**Required action**: The required output is the stretch from the line containing "Desain Ruang Tamu" through the line containing "Le cimetière du" in the records below, unaltered and with no pictures.

START Data shown

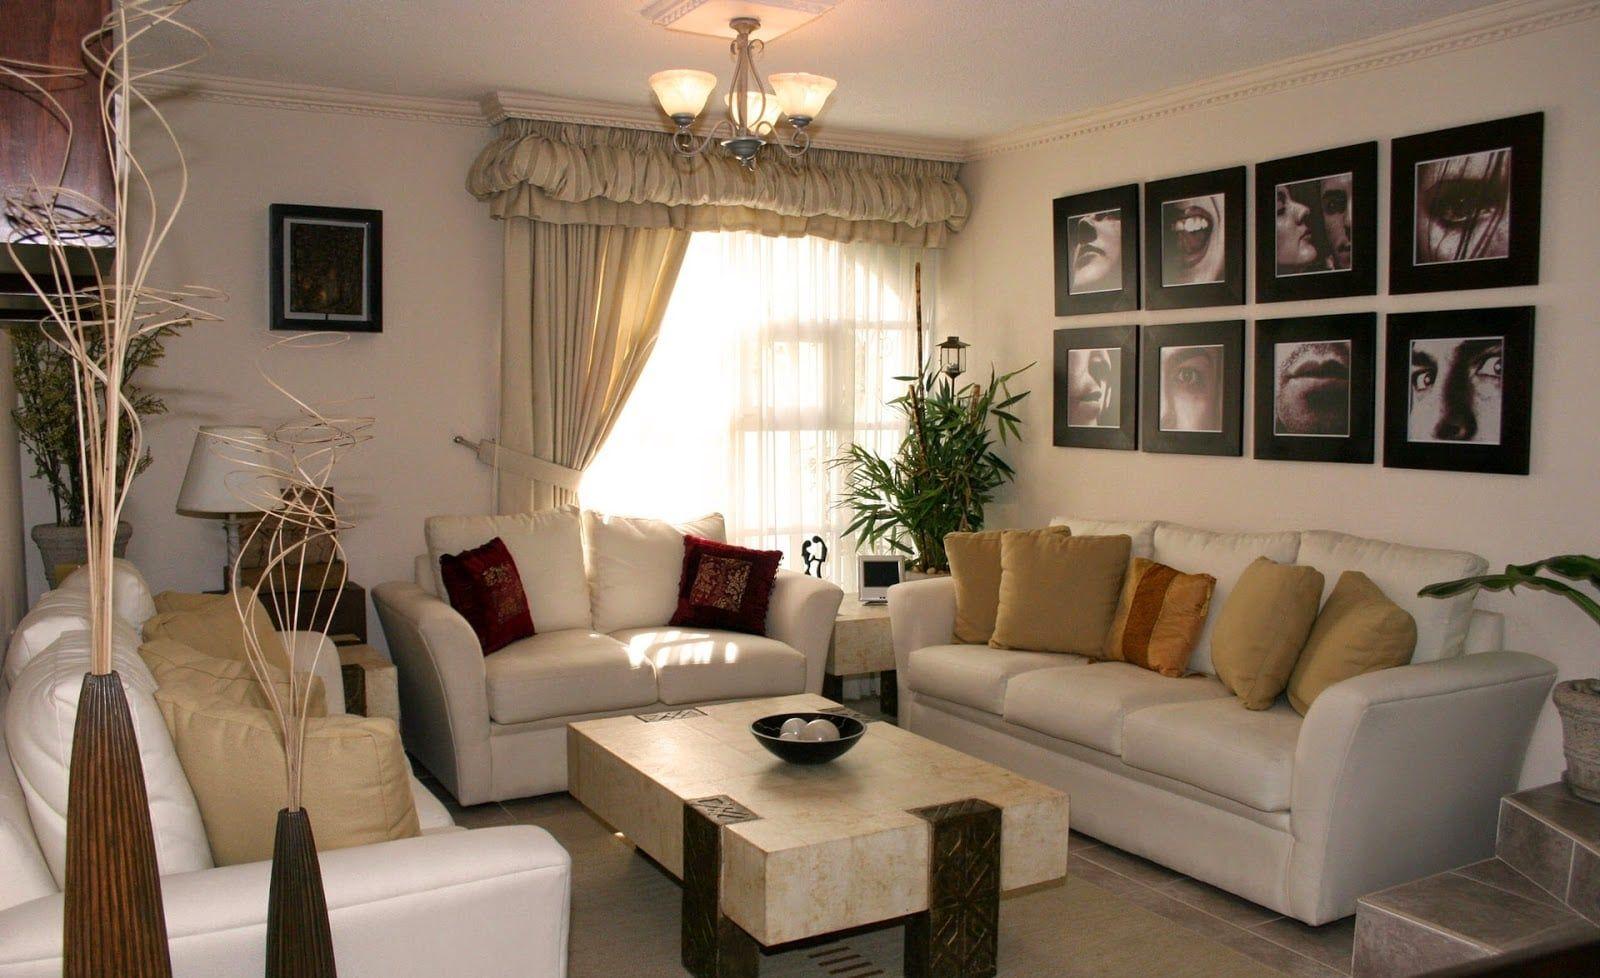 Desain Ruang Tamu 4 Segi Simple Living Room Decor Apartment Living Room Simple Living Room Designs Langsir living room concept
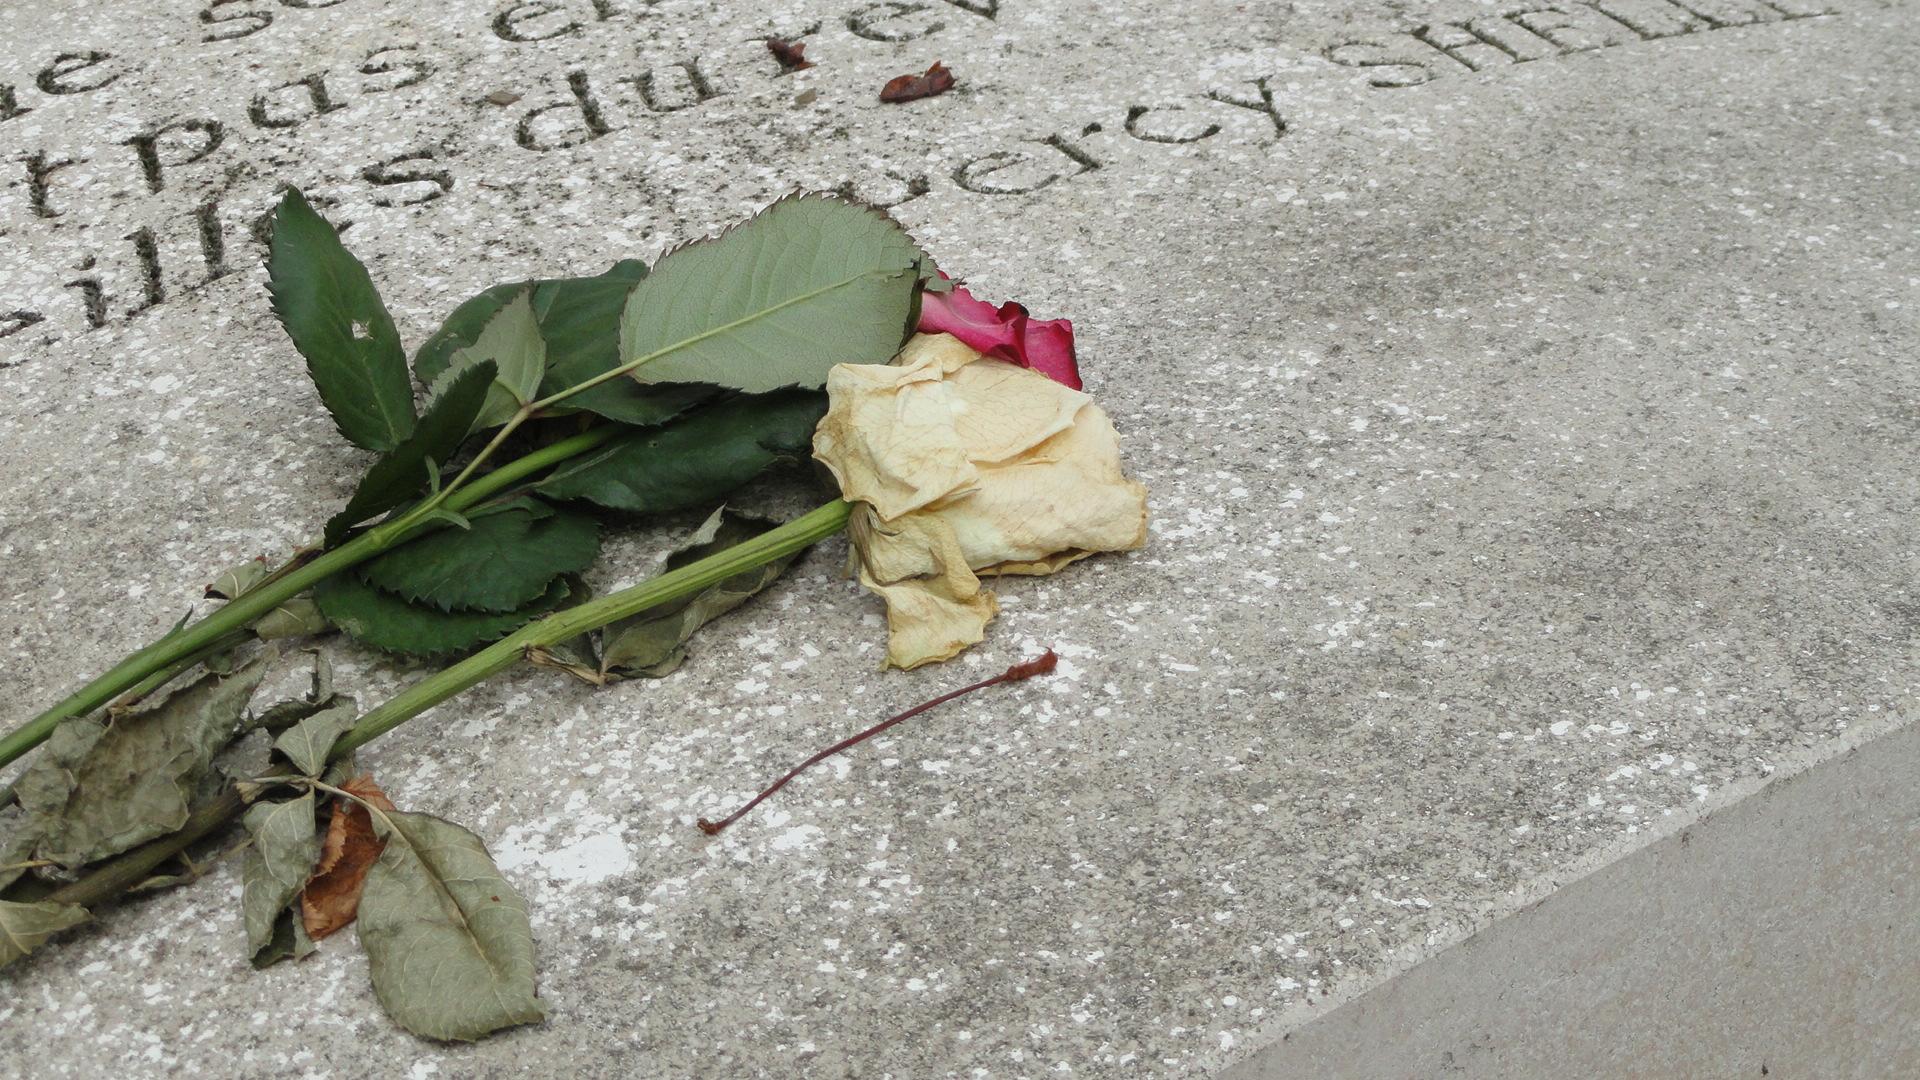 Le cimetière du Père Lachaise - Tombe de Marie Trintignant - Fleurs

END Data shown
START Data shown

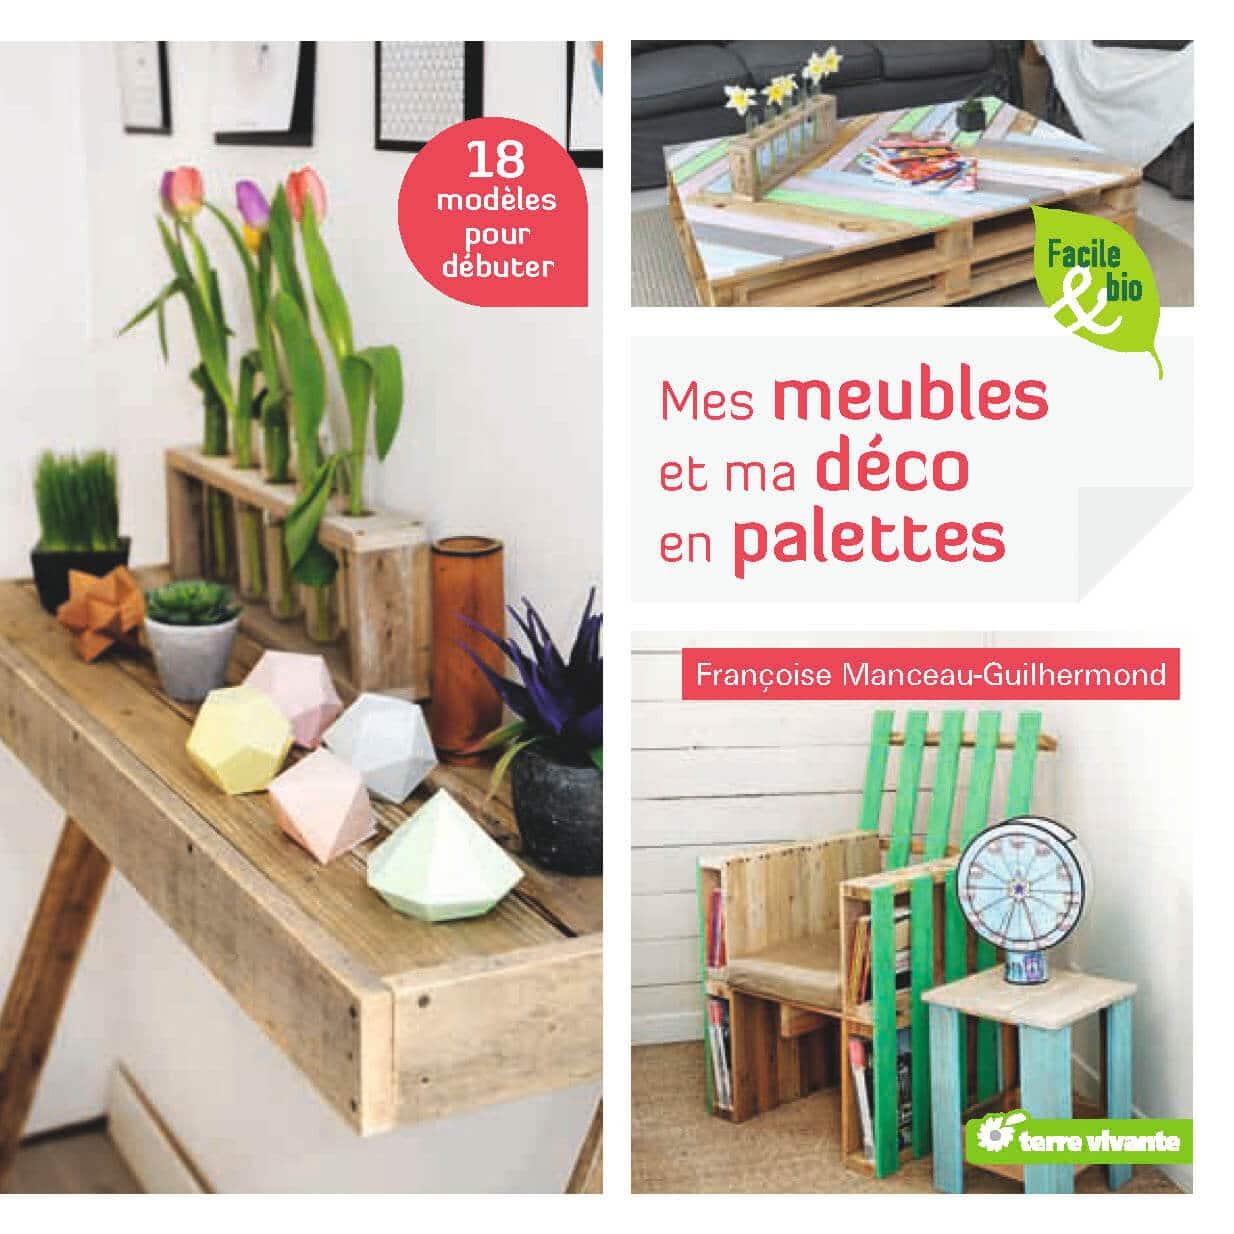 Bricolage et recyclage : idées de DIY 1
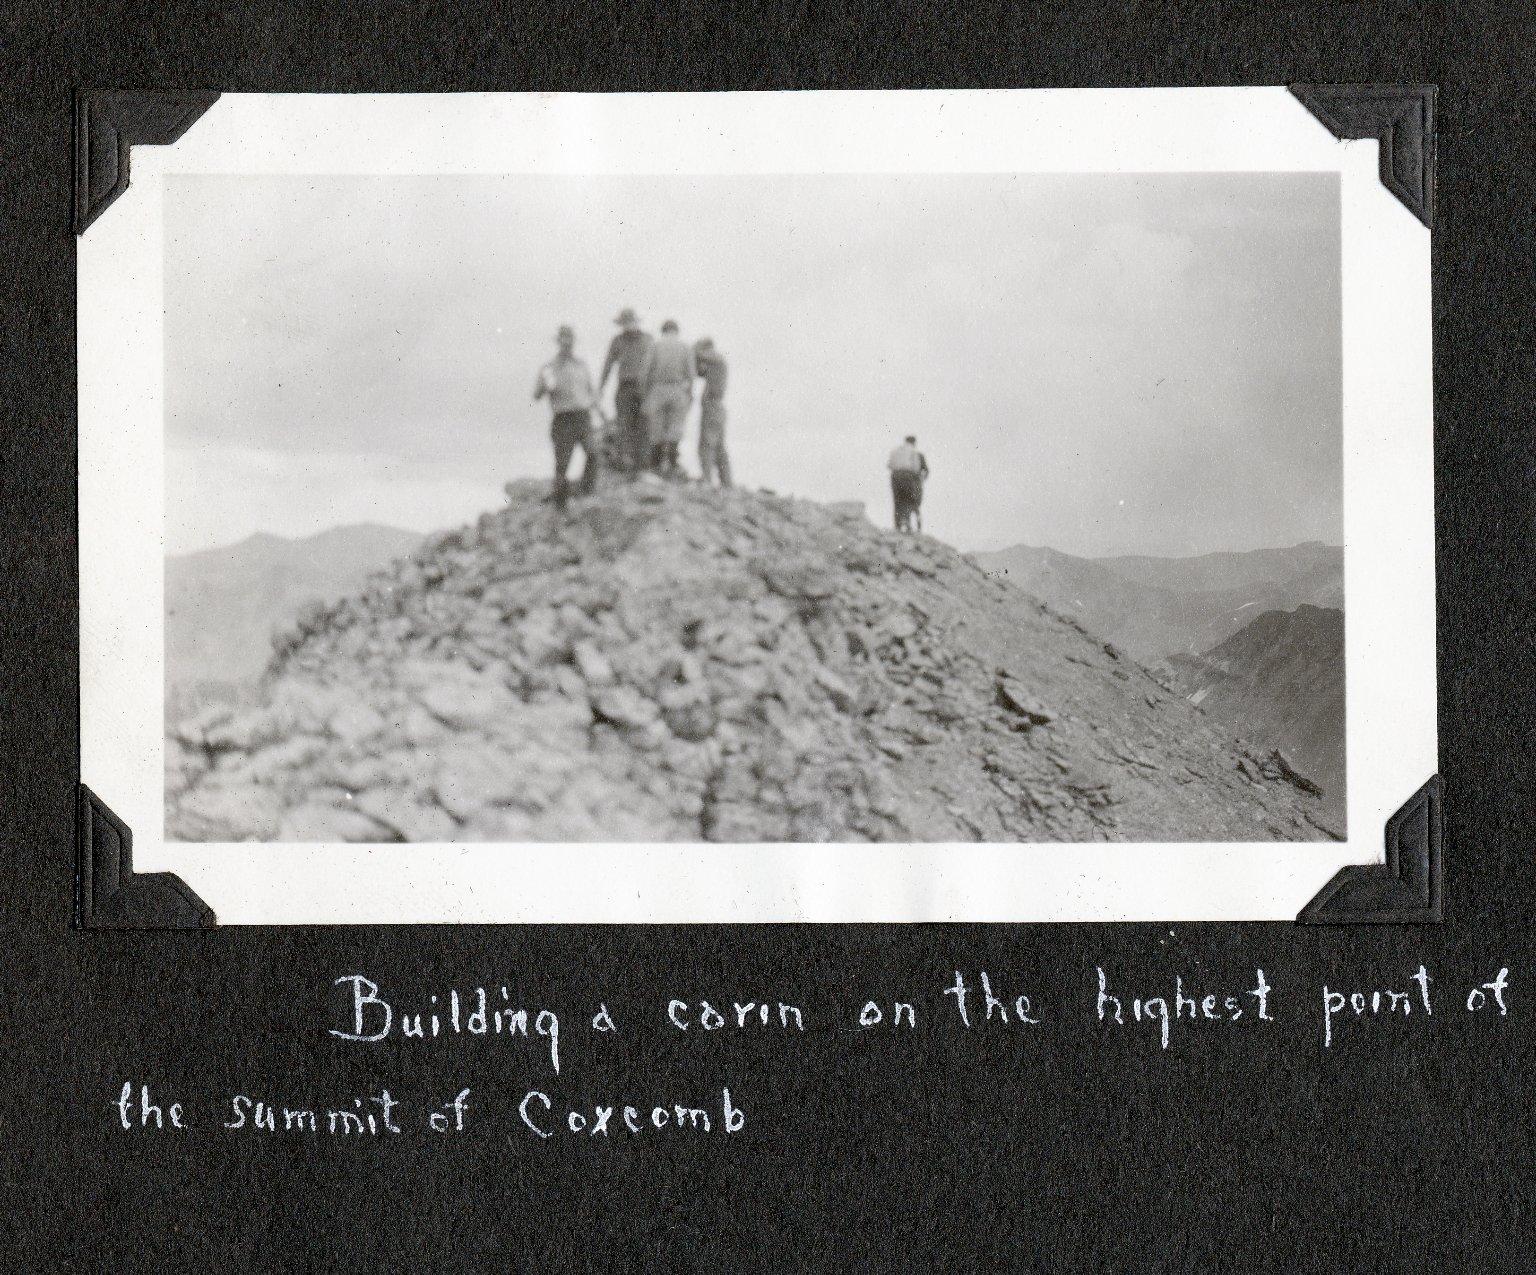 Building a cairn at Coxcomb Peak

END Data shown

**Finished task**:
 Desain Ruang Tamu 4 Segi Simple Living Room Decor Apartment Living Room Simple Living Room Designs Langsir living room concept
 Le cimetière du Père Lachaise - Tombe de Marie Trintignant - Fleurs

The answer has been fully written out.